The `StreamDataset` class in `data.py` implements:
- Streaming from FineWeb-Edu (10BT sample)
- Block size: 512 tokens
- Train/val split: First ~7mn samples for training, rest for validation
- Returns: (input_ids, labels, future_tokens) where future_tokens is K=20

**To use a different dataset:** Modify the `load_dataset()` call in `data.py`.

### 3. Training

```bash
python train_entropy.py
```

Configuration can be modified directly in the `CONF` dictionary in `train_entropy.py`.

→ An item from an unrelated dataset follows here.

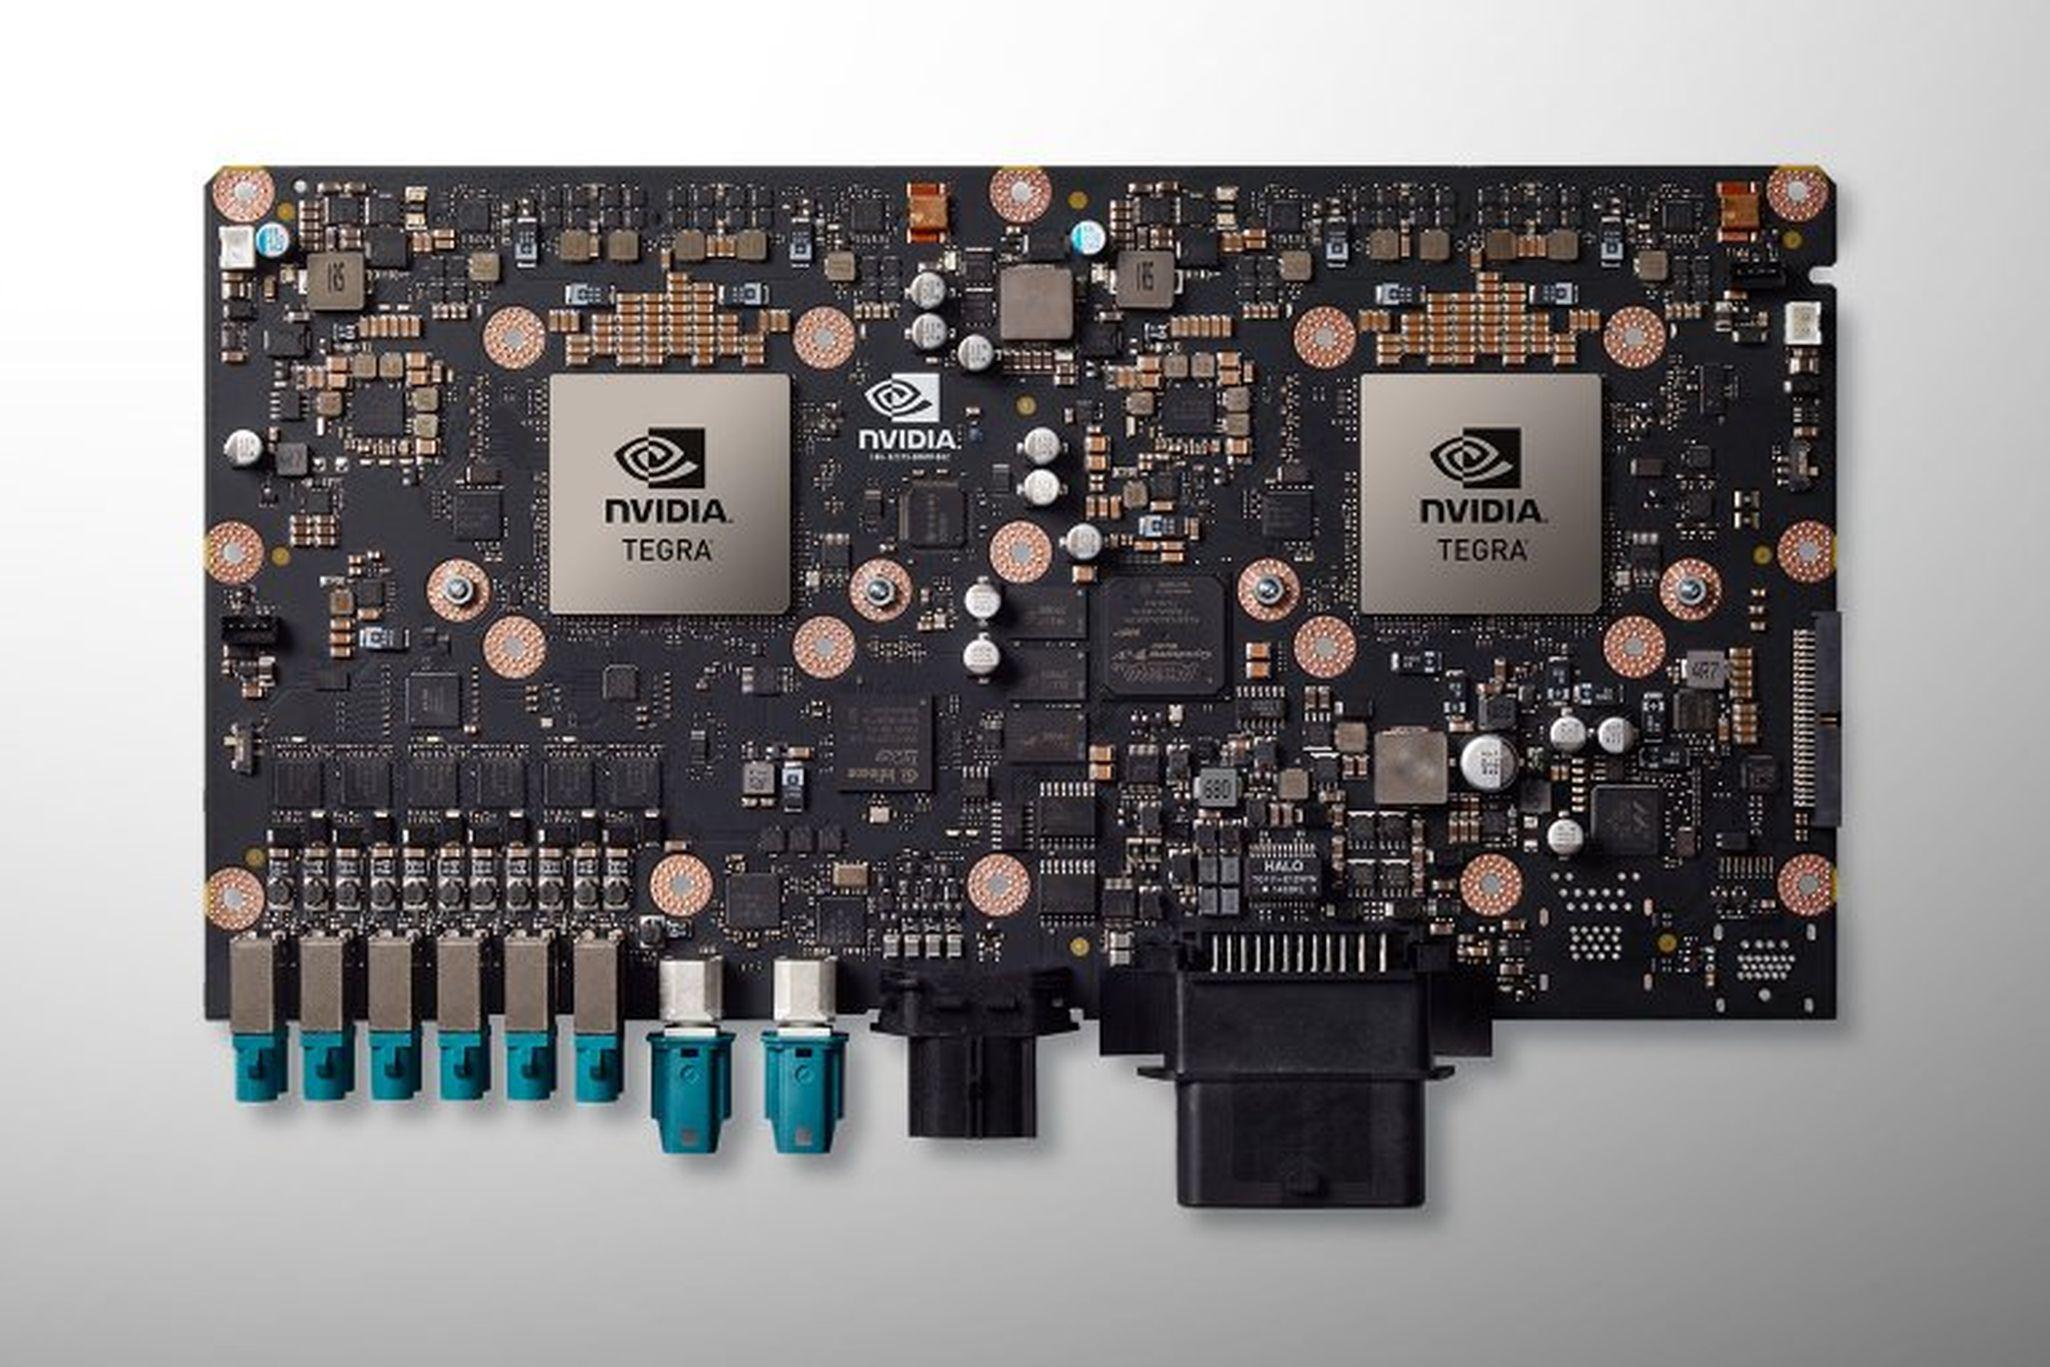 nvidia-drive-px2-050116

### 4. Compute Variance Scaling Factor

After training, compute the global variance scaling factor γ from validation set:

```bash
python compute_gamma.py --checkpoint ./checkpoints/best_model --num_samples 10000
```

The paper reports γ ≈ 3.42 for Mistral-7B on FineWeb-Edu.

### 5. Inference

```bash
python inference.py --checkpoint ./checkpoints/best_model --prompt "Your text here"
```

**Key inference parameters:**
- `--alpha 0.5`: Gating intensity (default from paper)
- `--gamma 3.42`: Variance scaling factor (default from paper)
- `--compute_gamma`: Optionally compute γ from your validation set

## Architecture

### Model Components

1. **Base Model**: Quantized LLM with LoRA adapters (System 1)
2. **Idea Head**: Semantic projection layer (System 2)
3. **Dynamic Gating**: Entropy-adaptive training + variance alignment inference

### Training vs Inference

**Training (Section 3.5, Equation 8):**
- Loss formula: `L = L_NTP + λ_base · w_t · L_Idea`
- L_NTP computed from token_logits (System 1 only)
- L_Idea computed from idea_logits (System 2 only)
- Entropy-weighted: `w_t = 1 + δ·H(p_token)` where δ=2.0
- NO variance scaling (boost=1.0)
- Only mean centering applied to idea logits

**Inference (Section 3.3):**
- Fixed gating intensity (α=0.5)
- Variance alignment enabled with global γ≈3.42
- Formula: `γ = E[σ(z_token)] / E[σ(z'_idea)]` computed from validation set
- Uses gated final_logits for generation

### Key Hyperparameters

| Parameter | Value | Description |
|-----------|-------|-------------|
| `alpha` | 0.5 | Gating intensity (fixed during inference) |
| `gamma` | 3.42 | Variance scaling factor (inference only) |
| `pos_weight` | 200 | Class imbalance correction |
| `stopword_cutoff` | 250 | Vocabulary masking threshold |
| `base_idea_weight` | 0.3 | Base semantic loss weight (λ_base) |
| `entropy_sensitivity` | 2.0 | Entropy scaling factor δ (training only) |


## File Structure

```
icml2026_final_submission/
├── README.md              # This file
├── requirements.txt       # Python dependencies
├── LICENSE               # MIT License
├── setup.sh              # Environment setup script
├── model.py              # IdeaGatedModel architecture
├── train_entropy.py      # Training loop with entropy weighting
├── data.py               # Dataset interface (to be implemented)
├── compute_gamma.py      # Utility to compute variance scaling factor
└── inference.py          # Inference with variance alignment
```

## Reproducibility Notes

1. **Hardware**: Results reported on NVIDIA RTX 4090 (24GB)
2. **Base Model**: Mistral-7B-v0.1 with 4-bit quantization
3. **Data**: FineWeb-Edu (HuggingFaceFW/fineweb-edu, sample-10BT)
4. **Variance Factor**: Compute γ from your validation set using `compute_gamma.py`

## Key Implementation Details

### Training (Equation 8)
The two losses are computed **independently**:
- L_NTP from token_logits (System 1, no gating)
- L_Idea from idea_logits (System 2, separate)
- Combined: `L = L_NTP + λ_base · w_t · L_Idea`

### Inference (Section 3.3)
Variance alignment is **enabled** during inference:
- Pre-computed global γ ≈ 3.42
- Applied as: `ẑ_idea = z'_idea · γ`
- Fixed α=0.5 for gating

## Citation

```bibtex
@inproceedings{anonymous2026entropy,
  title={Latent Semantic Planning: Constraining Autoregressive Generation to Ideas Before Words},
  author={Anonymous},
  booktitle={International Conference on Machine Learning},
  year={2026}
}
```

## License

This code is released under MIT License for research purposes.